On Thu, Jul 04, 2024, Maxim Levitsky wrote:
> On Fri, 2024-05-17 at 10:39 -0700, Sean Christopherson wrote:
> > Now that kvm_cpu_cap_init() is a macro with its own scope, add EMUL_F() to
> > OR-in features that KVM emulates in software, i.e. that don't depend on
> > the feature being available in hardware.  The contained scope
> > of kvm_cpu_cap_init() allows using a local variable to track the set of
> > emulated leaves, which in addition to avoiding confusing and/or
> > unnecessary variables, helps prevent misuse of EMUL_F().
> > 
> > Signed-off-by: Sean Christopherson <seanjc@xxxxxxxxxx>
> > ---
> >  arch/x86/kvm/cpuid.c | 36 +++++++++++++++++++++---------------
> >  1 file changed, 21 insertions(+), 15 deletions(-)
> > 
> > diff --git a/arch/x86/kvm/cpuid.c b/arch/x86/kvm/cpuid.c
> > index 1064e4d68718..33e3e77de1b7 100644
> > --- a/arch/x86/kvm/cpuid.c
> > +++ b/arch/x86/kvm/cpuid.c
> > @@ -94,6 +94,16 @@ u32 xstate_required_size(u64 xstate_bv, bool compacted)
> >  	F(name);						\
> >  })
> >  
> > +/*
> > + * Emulated Feature - For features that KVM emulates in software irrespective
> > + * of host CPU/kernel support.
> > + */
> > +#define EMUL_F(name)						\
> > +({								\
> > +	kvm_cpu_cap_emulated |= F(name);			\
> > +	F(name);						\
> > +})
> 
> To me it feels more and more that this patch series doesn't go into the right
> direction.
> 
> How about we just abandon the whole concept of masks and instead just have a
> list of statements
> 
> Pretty much the opposite of the patch series I confess:

FWIW, I think it's actually largely the same code under the hood.  The code for
each concept/flavor ends up being very similar, it's mostly just handling the
bitwise-OR in the callers vs. in the helpers.

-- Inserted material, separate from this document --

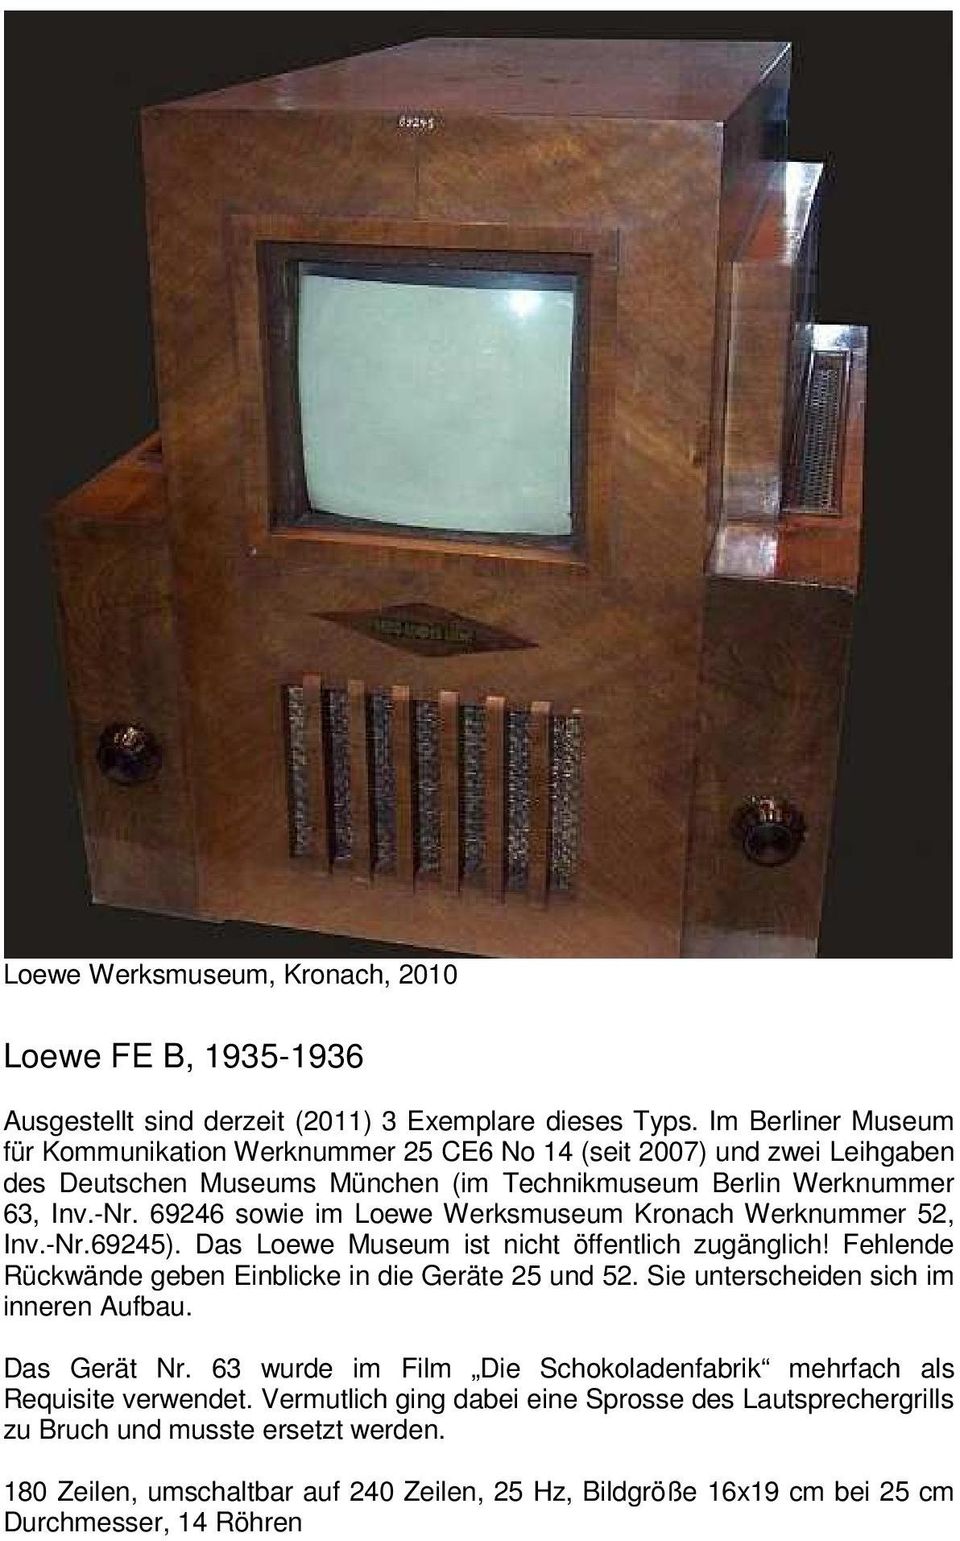 69246 sowie im Loewe Werksmuseum Kronach Werknummer 52, Inv.-Nr.69245). Das Loewe Museum ist nicht öffentlich zugänglich! Fehlende Rückwände geben Einblicke in die Geräte 25 und 52.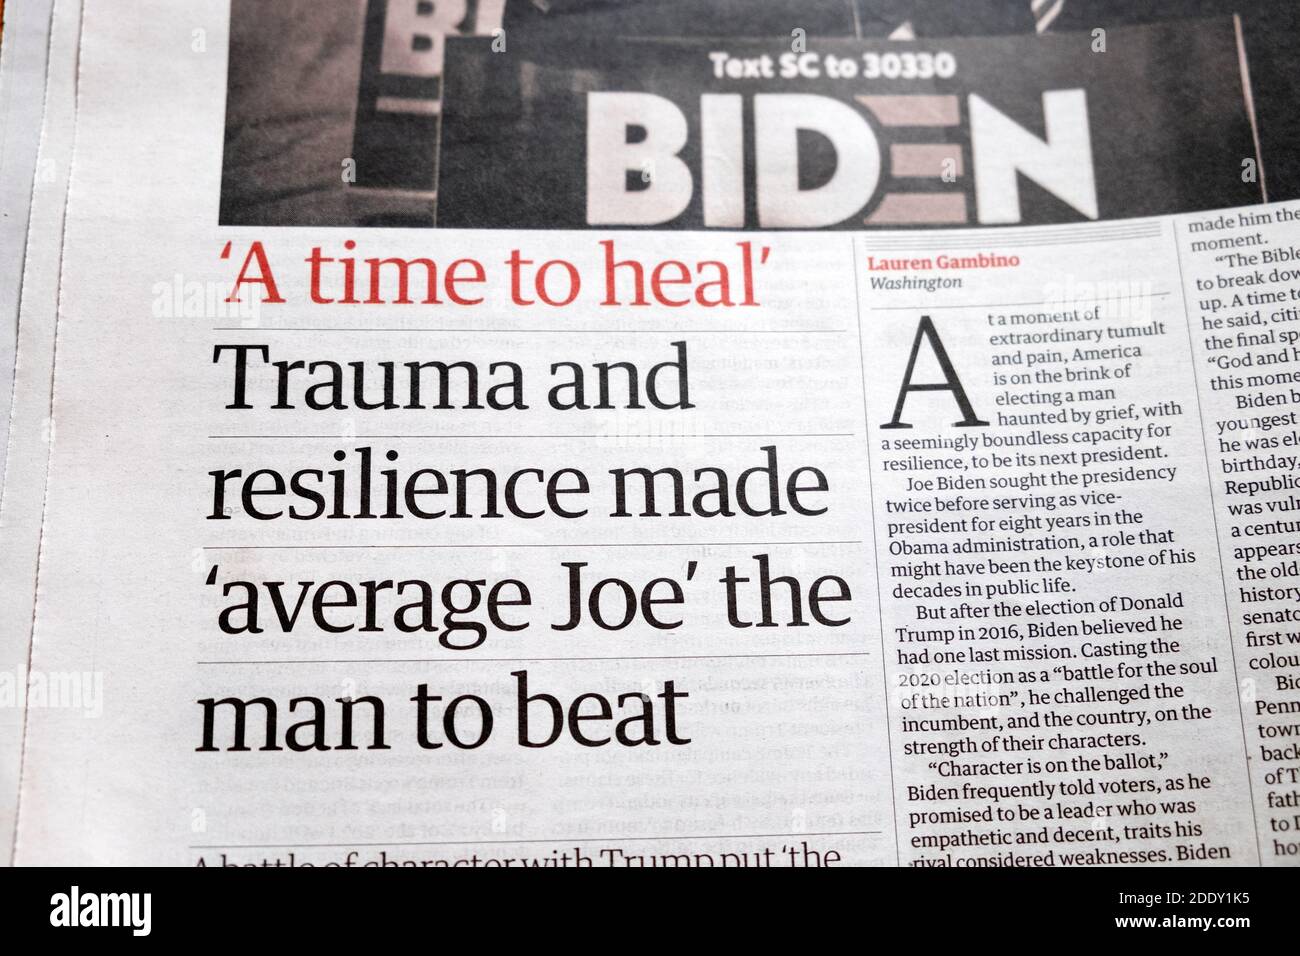 Biden 'UN tempo per guarire' 'Trauma e la resilienza ha fatto 'media Joe 'l'uomo da battere' 2020 titoli del giornale delle elezioni USA Su articolo in Guardian London UK Foto Stock

> #define CAP_PASSTHOUGH		0x01
> #define CAP_EMULATED		0x02
> #define CAP_AMD_ALIASED		0x04 // for AMD aliased features
> #define CAP_SCATTERED		0x08
> #define CAP_X86_64		0x10 // supported only on 64 bit hypervisors
> ...
> 
> 
> /* CPUID_1_ECX*/
> 
> 				/* TMA is not passed though because: xyz*/
> kvm_cpu_cap_init(TMA,           0);
> 
> kvm_cpu_cap_init(SSSE3,         CAP_PASSTHOUGH);
> 				/* CNXT_ID is not passed though because: xyz*/
> kvm_cpu_cap_init(CNXT_ID,       0);
> kvm_cpu_cap_init(RESERVED,      0);
> kvm_cpu_cap_init(FMA,           CAP_PASSTHOUGH);
> ...
> 				/* KVM always emulates TSC_ADJUST */
> kvm_cpu_cap_init(TSC_ADJUST,    CAP_EMULATED | CAP_SCATTERED);
> 
> ...
> 
> /* CPUID_D_1_EAX*/
> 				/* XFD is disabled on 32 bit systems because: xyz*/
> kvm_cpu_cap_init(XFD, 		CAP_PASSTHOUGH | CAP_X86_64)
> 
> 
> 'kvm_cpu_cap_init' can be a macro if needed to have the compile checks.
> 
> There are several advantages to this:
> 
> - more readability, plus if needed each statement can be amended with a comment.
> - No weird hacks in 'F*' macros, which additionally eventually evaluate into a bit,
>   which is confusing.
>   In fact no need to even have them at all.
> - No need to verify that bitmask belongs to a feature word.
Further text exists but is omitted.